── Entries supplied

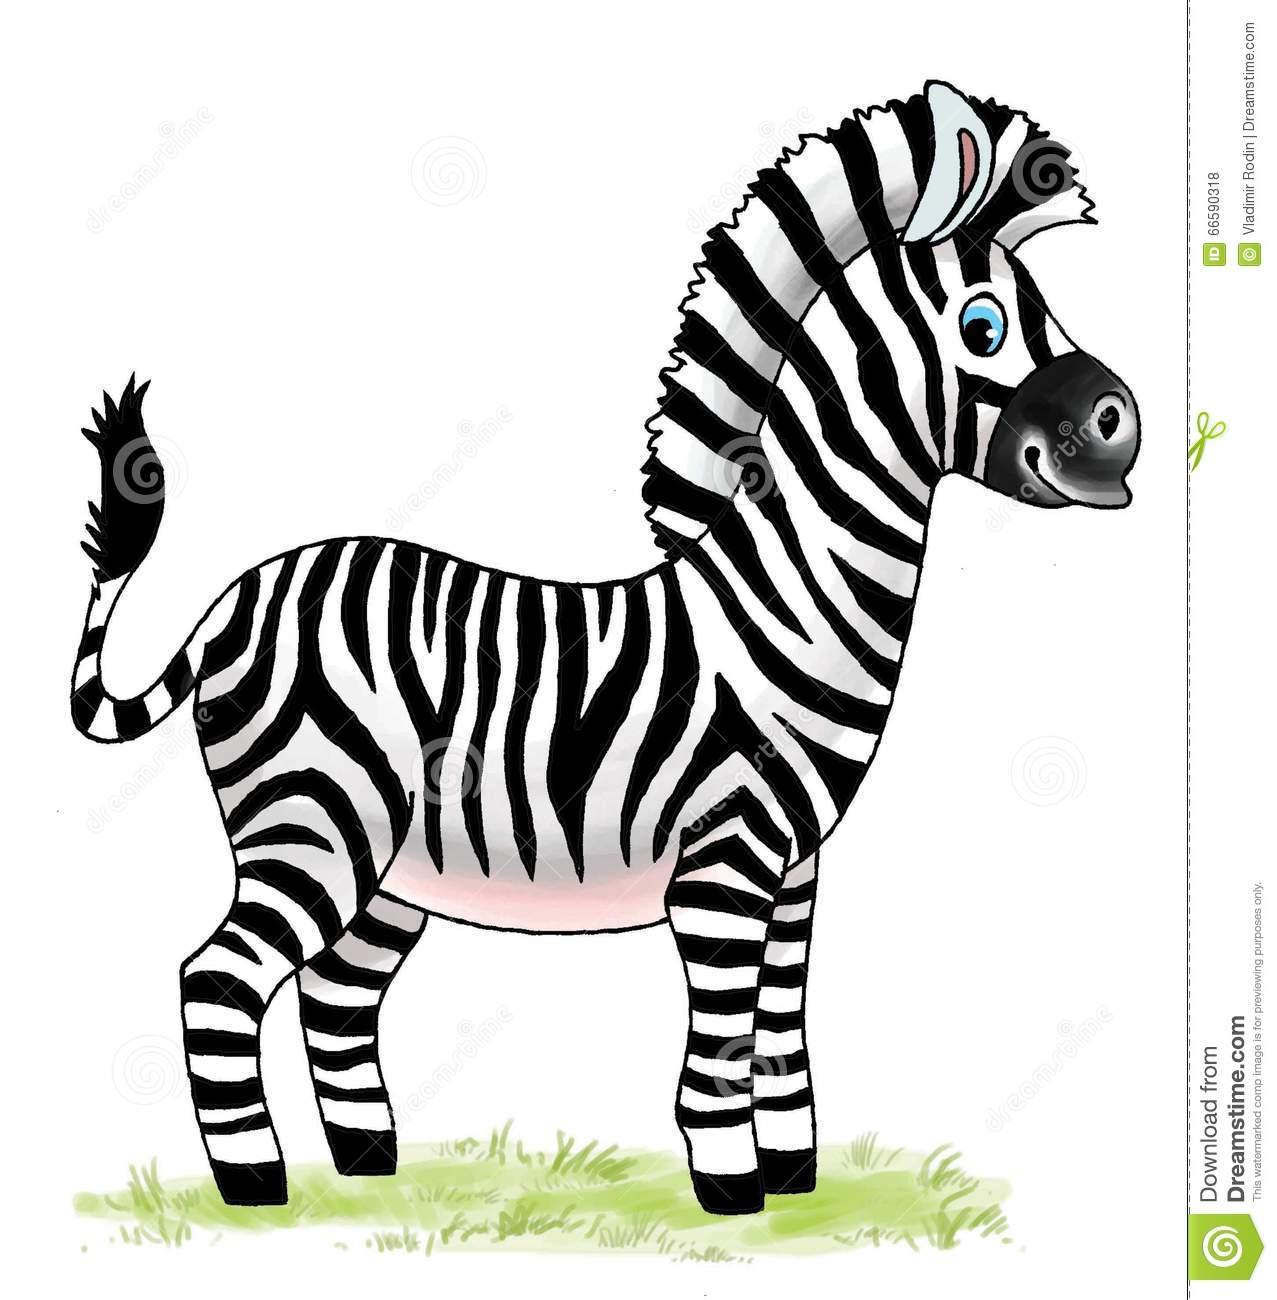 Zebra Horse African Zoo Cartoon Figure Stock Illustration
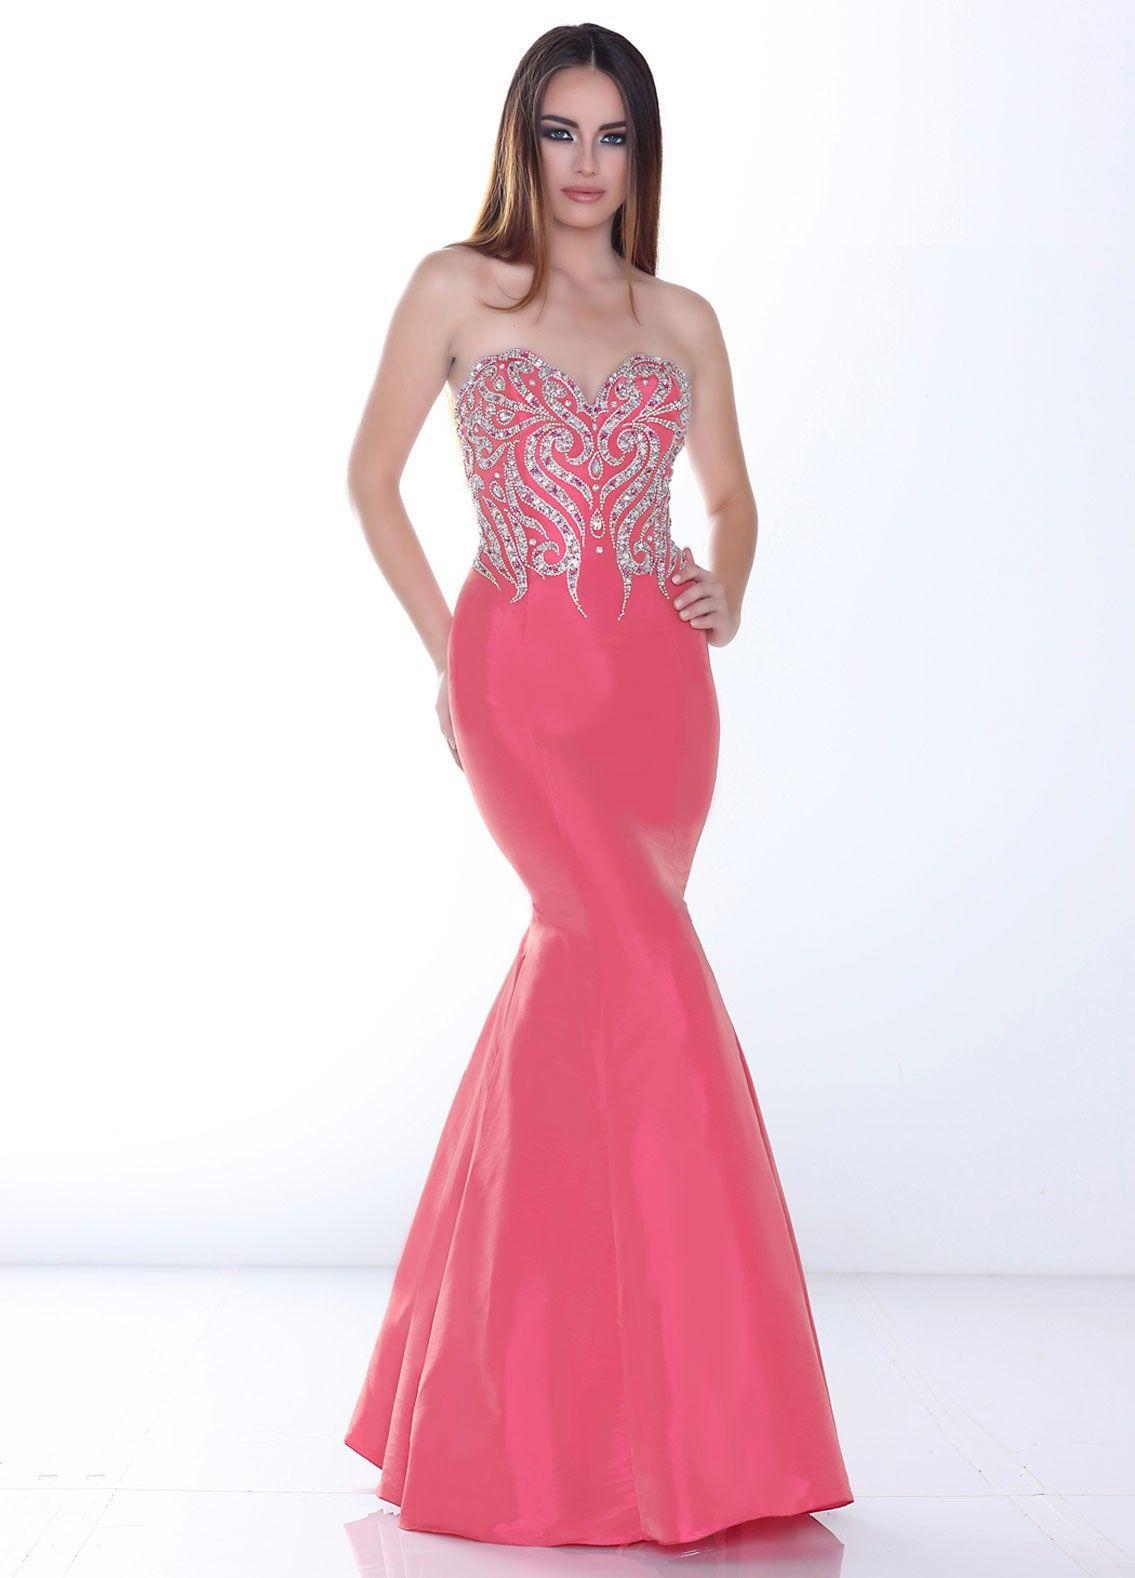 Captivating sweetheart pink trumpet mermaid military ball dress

────
── Entries supplied

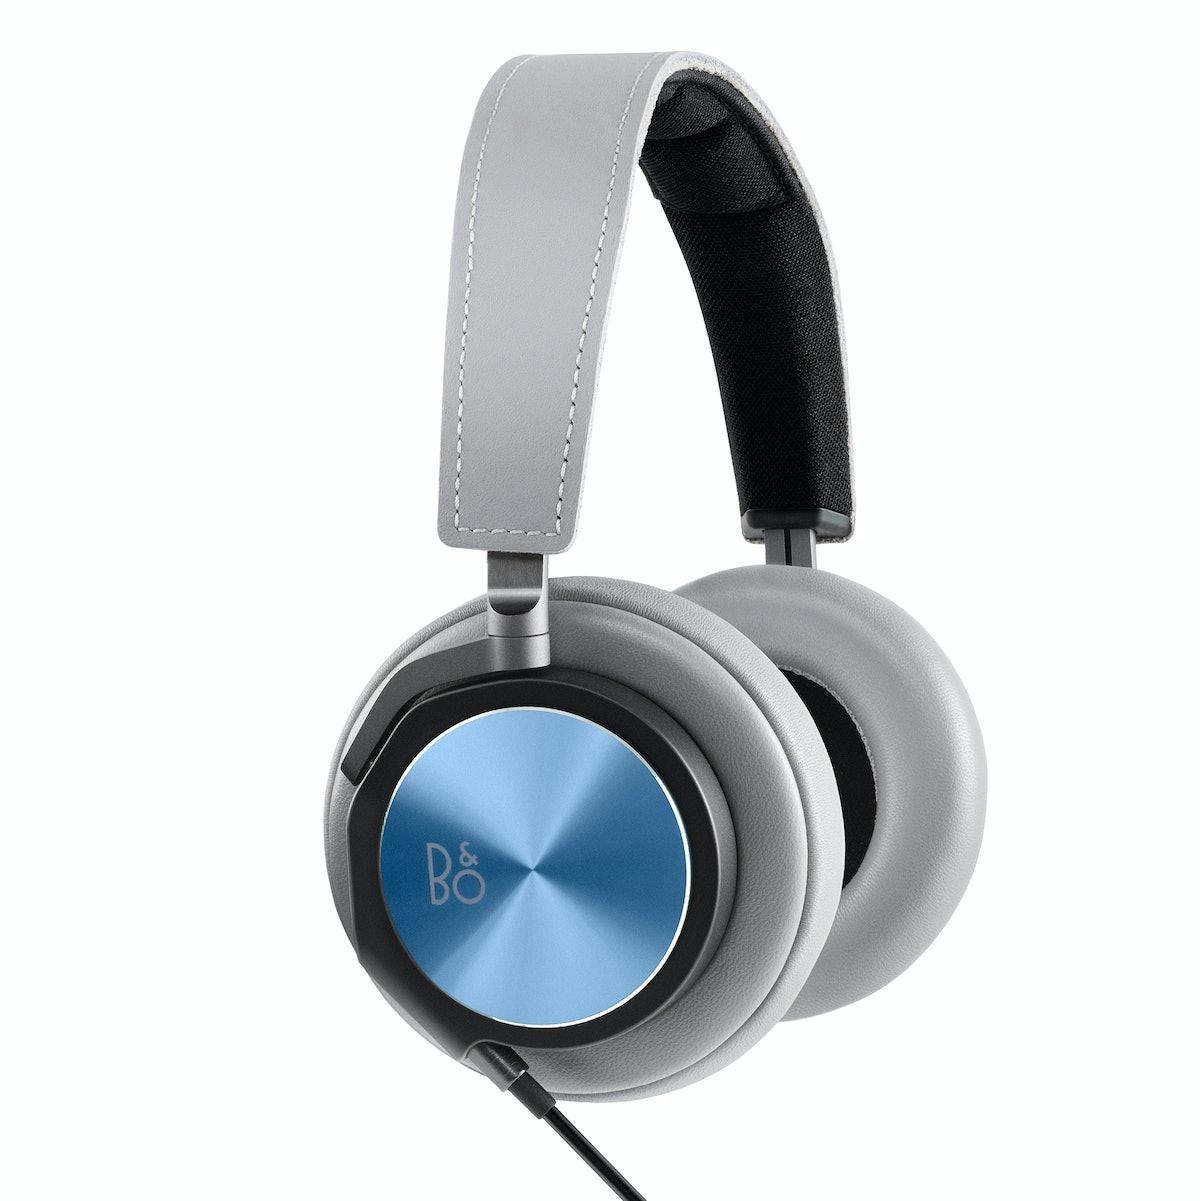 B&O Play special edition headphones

────
── Entries supplied

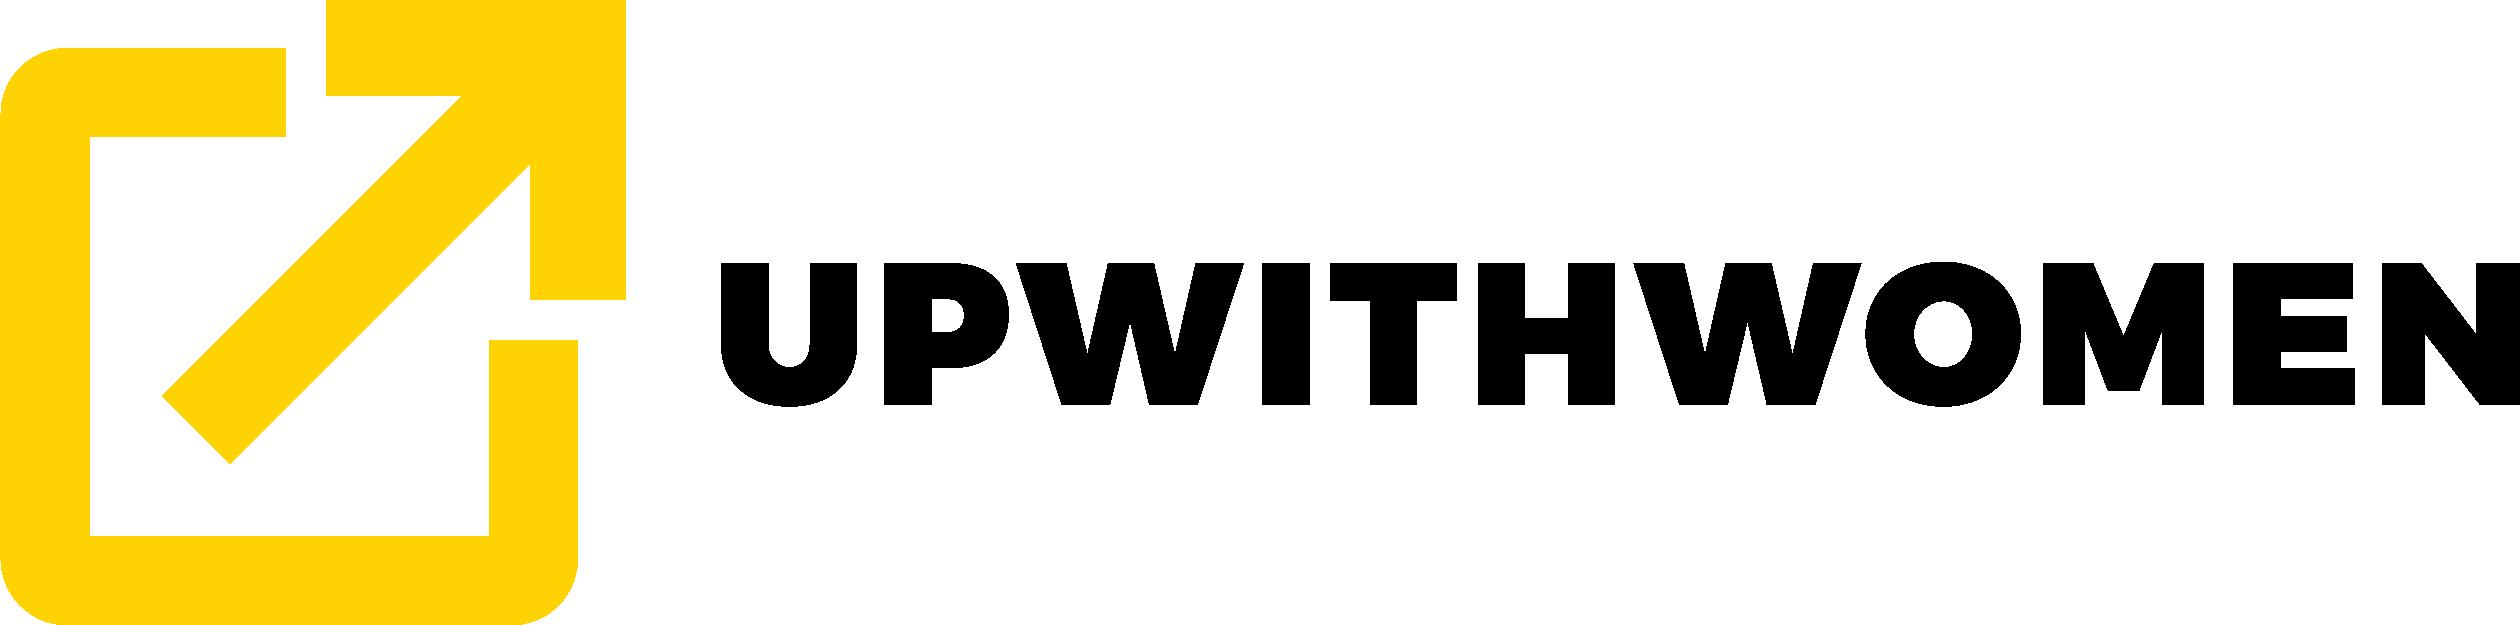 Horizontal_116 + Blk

────

**Description of the task:** Nothing but the lines above, starting at the line that contains "Zebra Horse African" and ending at the line that contains "Captivating sweetheart pink", should be given again, exactly and without the pictures.

**Exercise response:**
 Zebra Horse African Zoo Cartoon Figure Stock Illustration
 Captivating sweetheart pink trumpet mermaid military ball dress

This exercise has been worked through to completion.